■ Work required:
Print exactly the lines below between the line containing "Surreal sunset digital" and the line containing "Michael Alan Select", counting both of those lines. Leave pictures out.

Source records
-- -- --
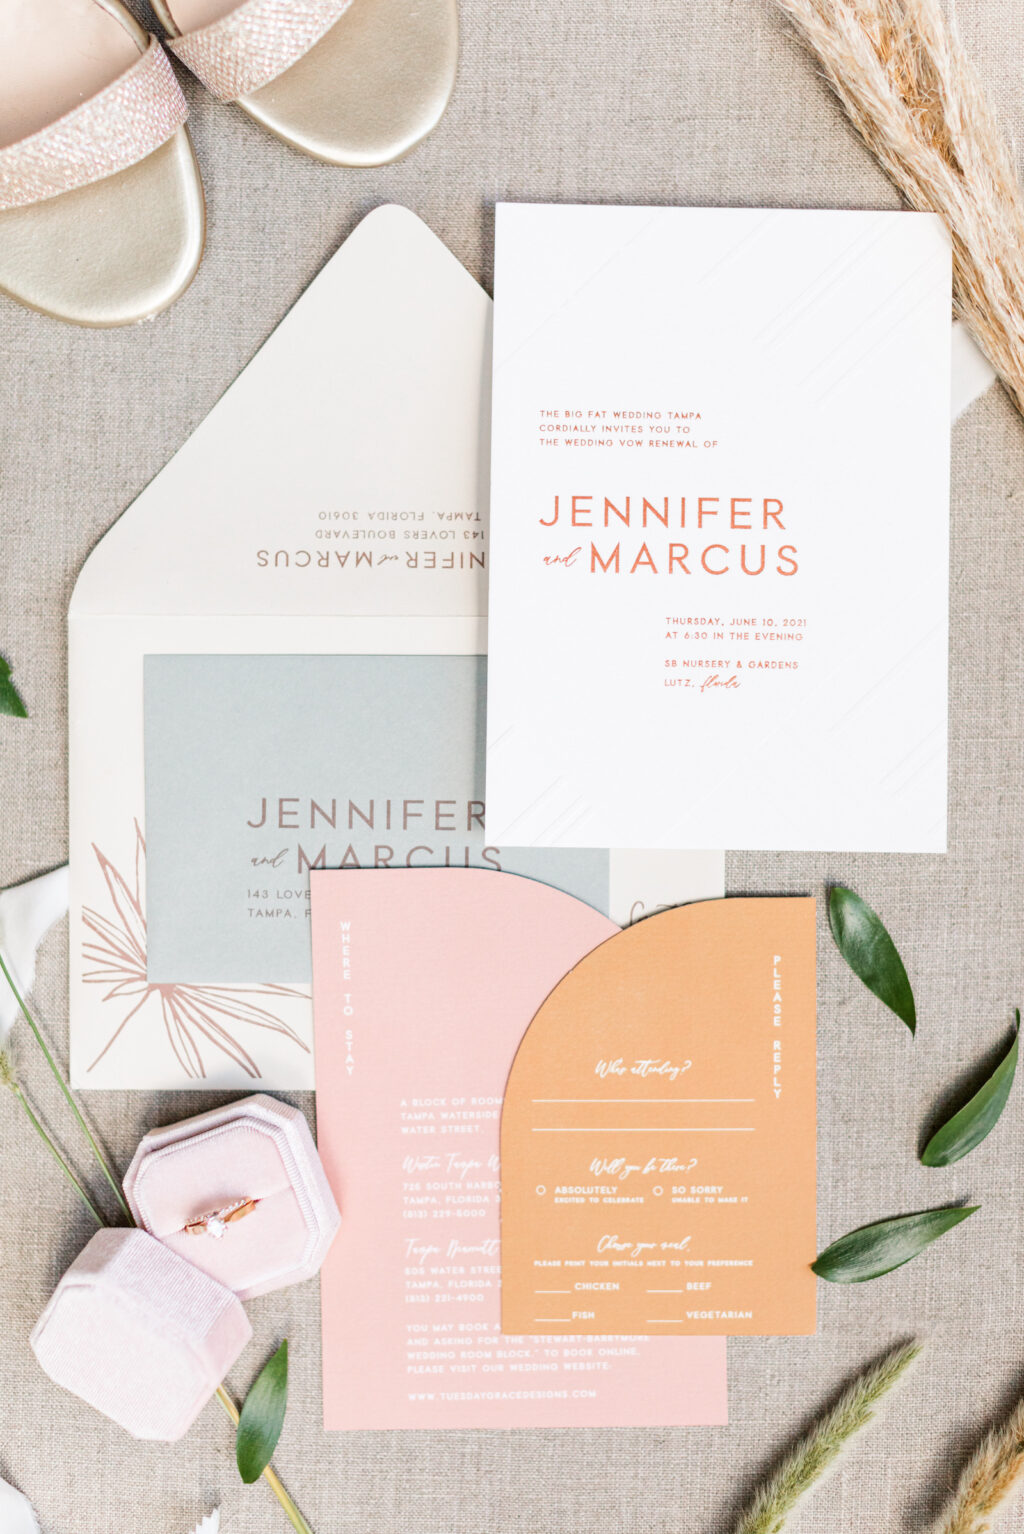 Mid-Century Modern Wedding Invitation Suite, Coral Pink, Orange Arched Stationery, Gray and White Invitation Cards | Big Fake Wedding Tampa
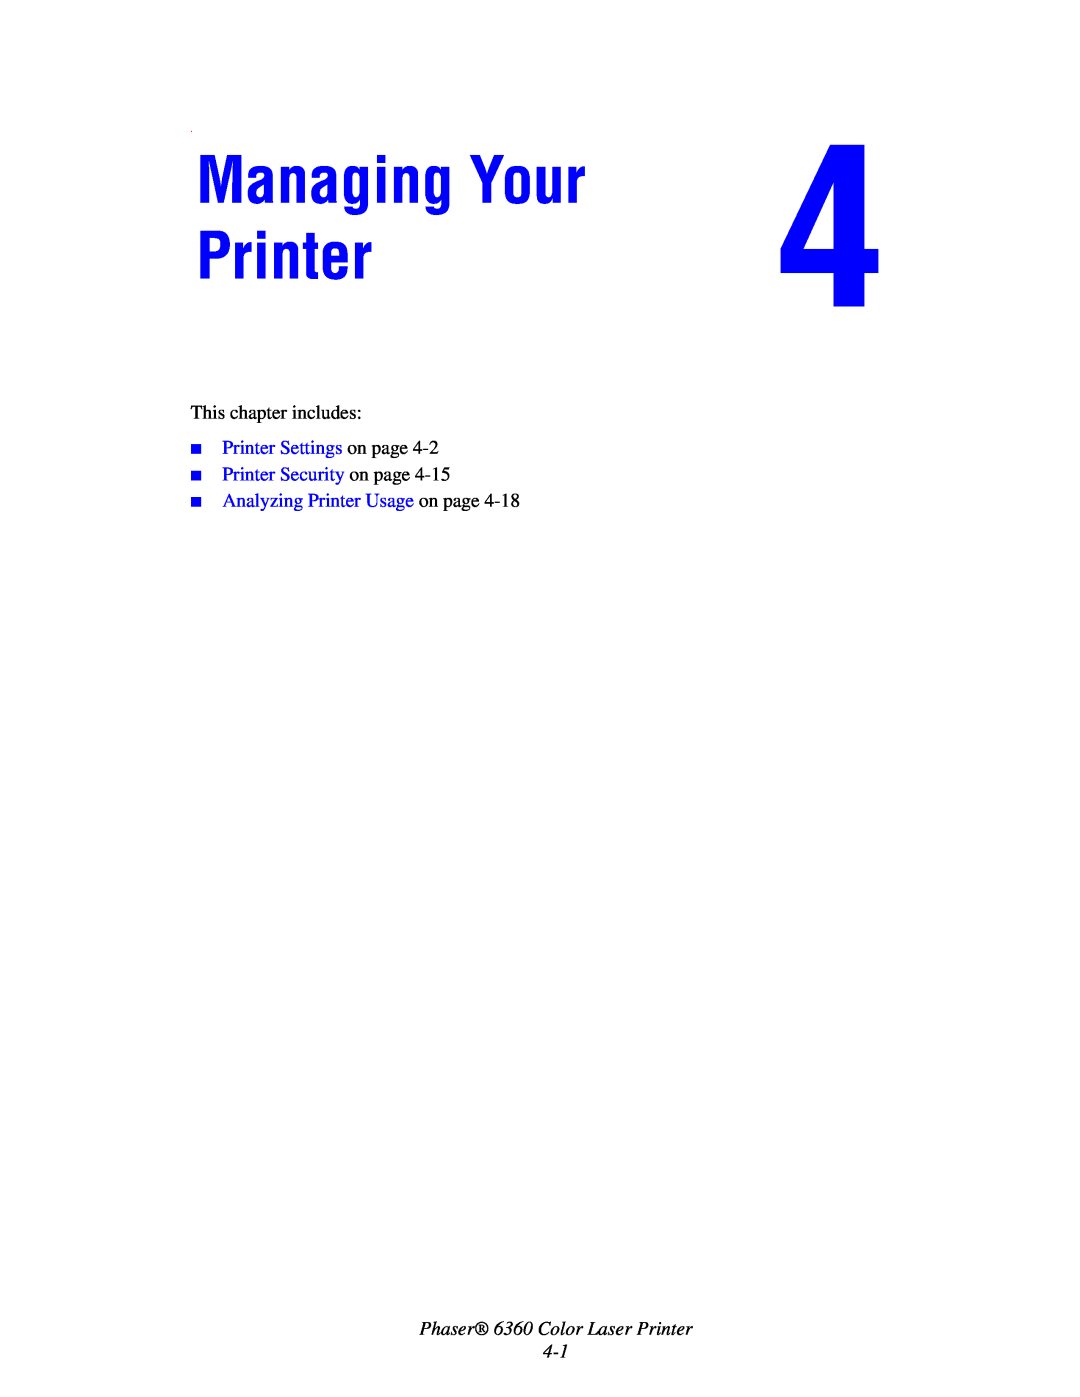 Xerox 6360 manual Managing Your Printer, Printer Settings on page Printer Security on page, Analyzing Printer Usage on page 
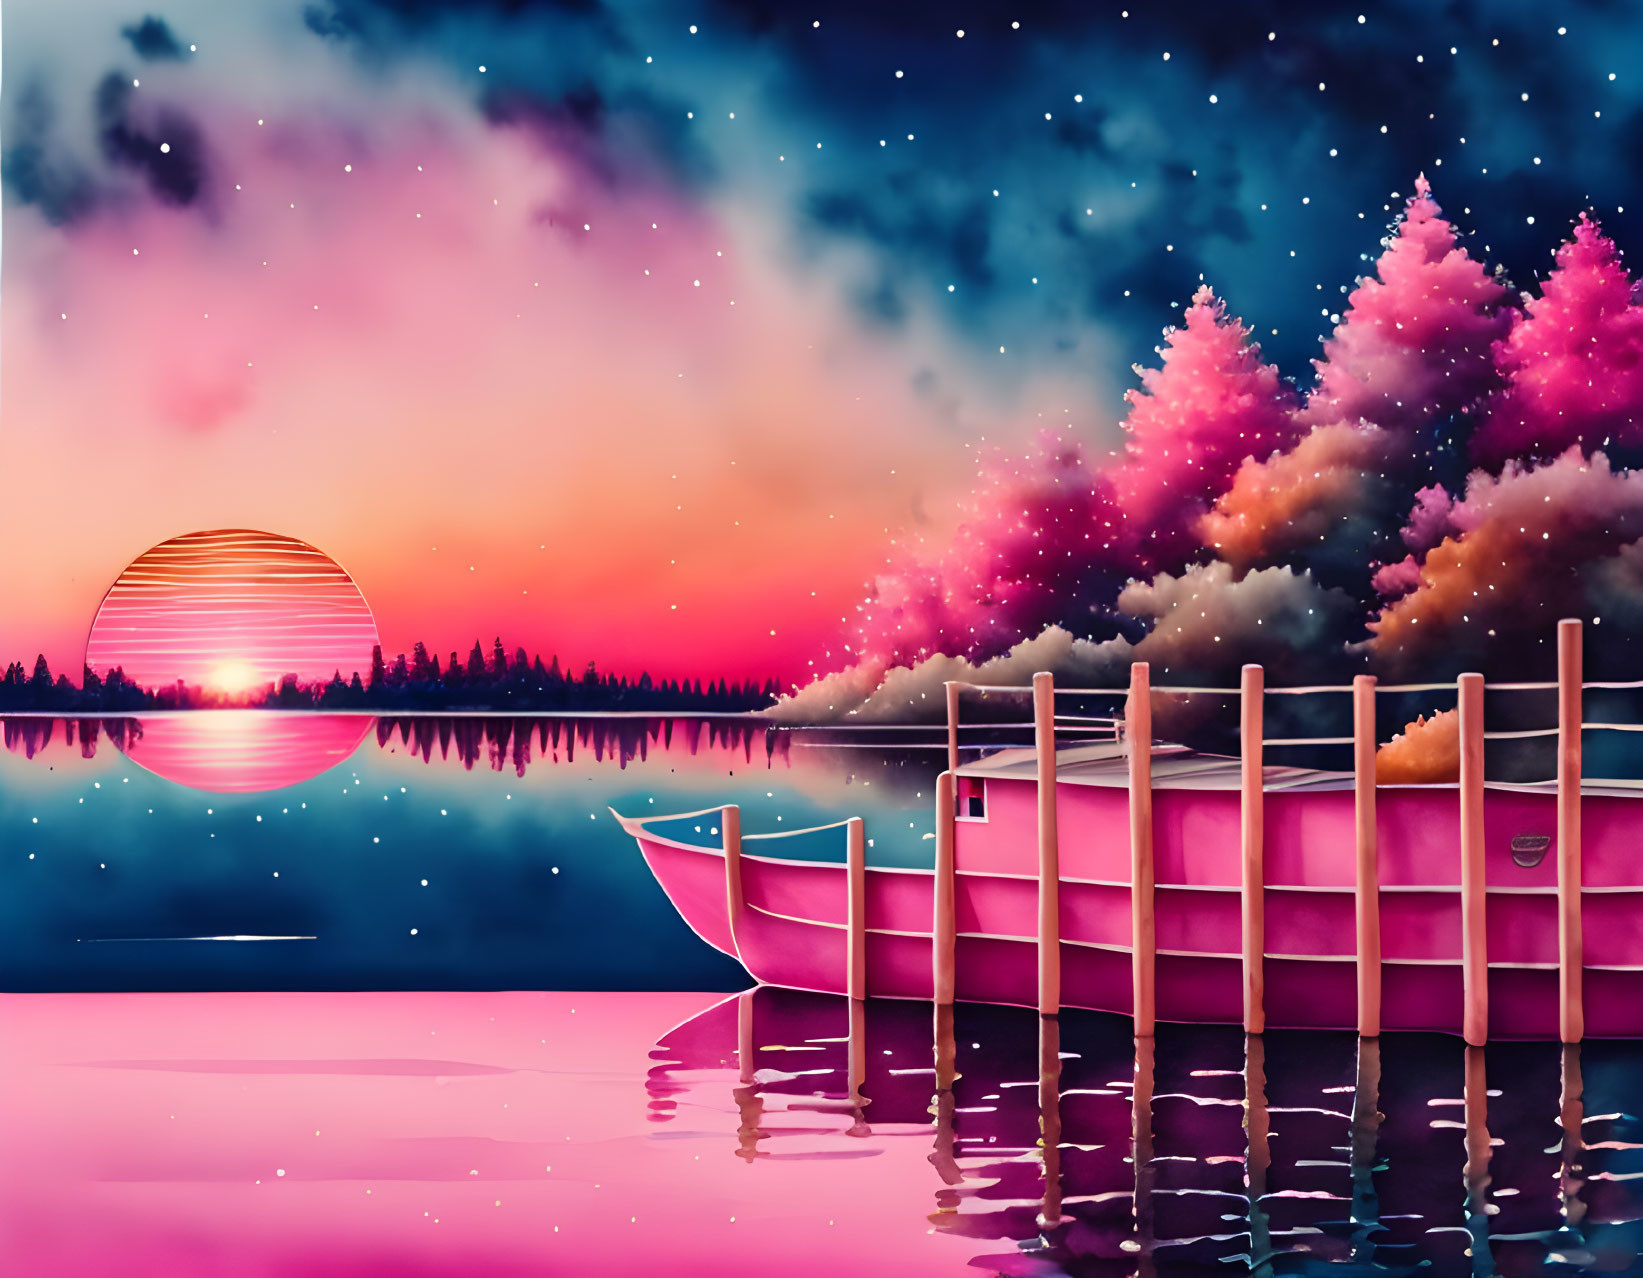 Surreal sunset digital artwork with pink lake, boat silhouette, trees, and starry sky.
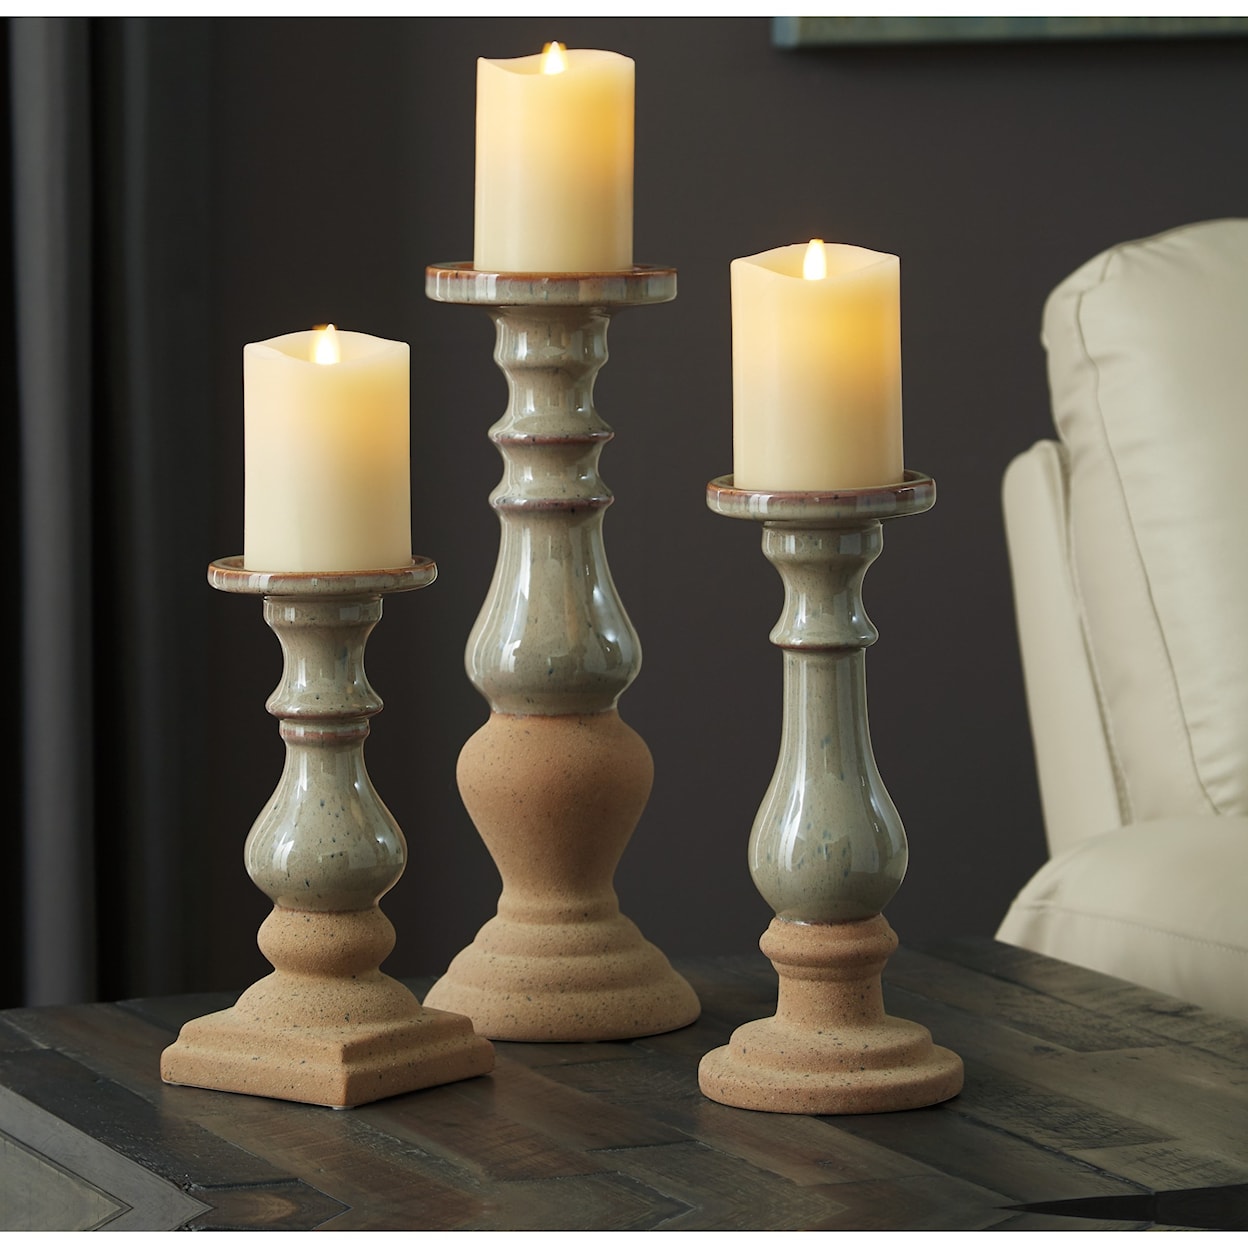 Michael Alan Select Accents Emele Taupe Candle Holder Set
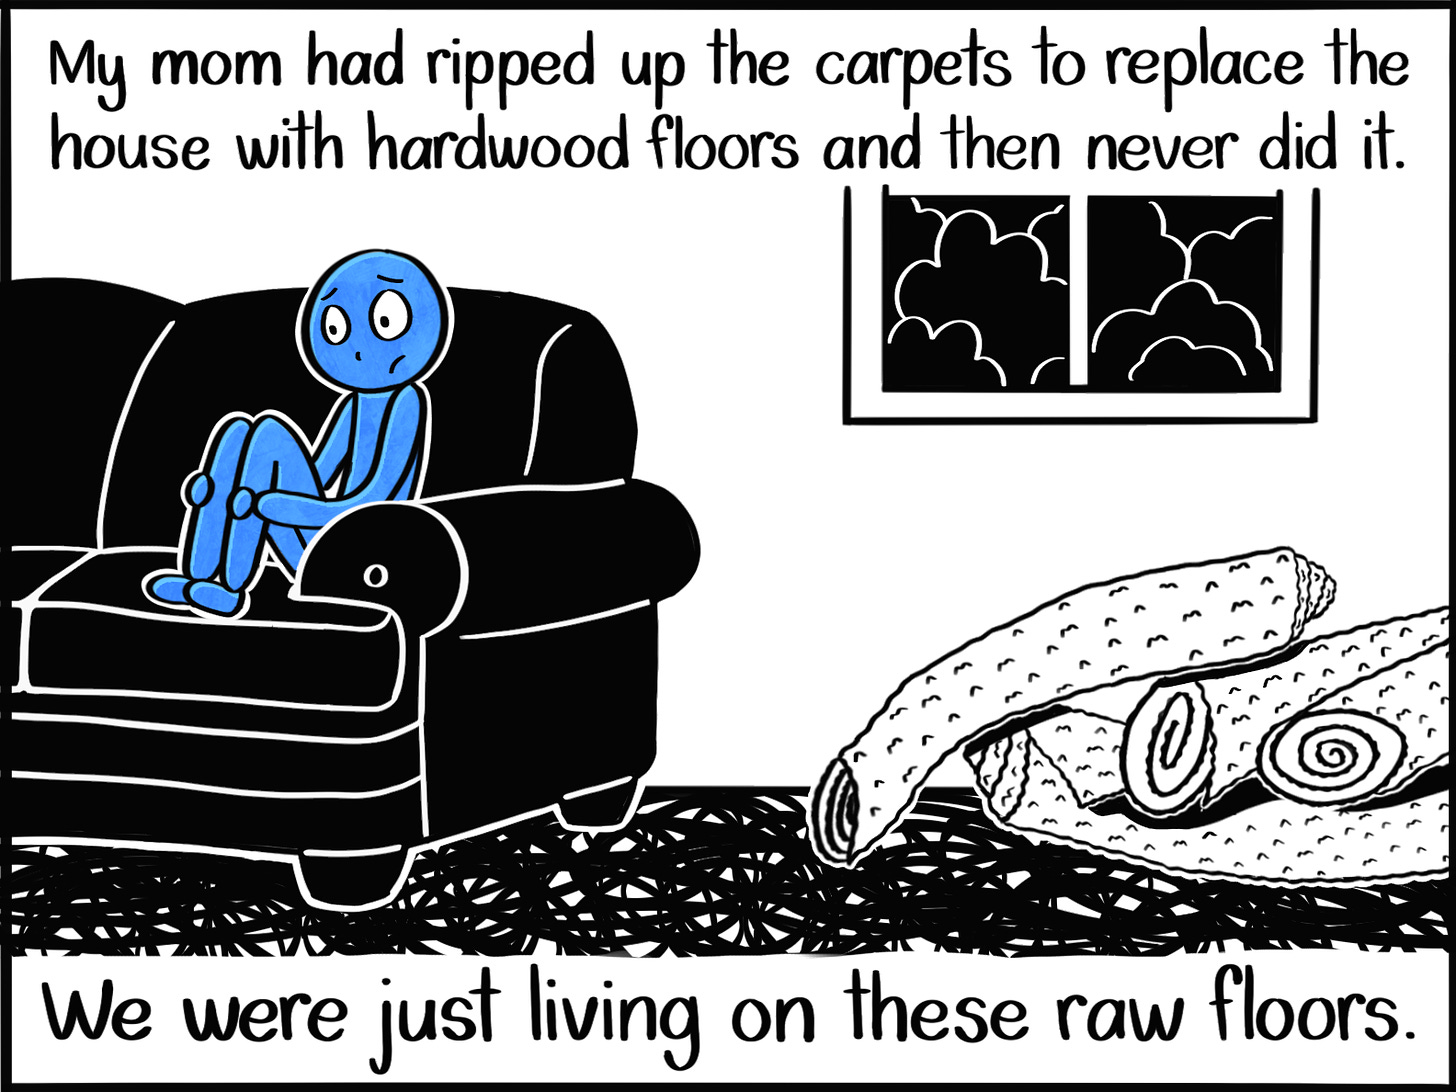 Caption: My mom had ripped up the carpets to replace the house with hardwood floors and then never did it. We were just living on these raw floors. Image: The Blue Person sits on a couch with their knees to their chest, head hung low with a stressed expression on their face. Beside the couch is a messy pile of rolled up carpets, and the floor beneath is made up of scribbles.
-- -- --
■ Written response:
 Surreal sunset digital artwork with pink lake, boat silhouette, trees, and starry sky.
 Michael Alan Select Accents Emele Taupe Candle Holder Set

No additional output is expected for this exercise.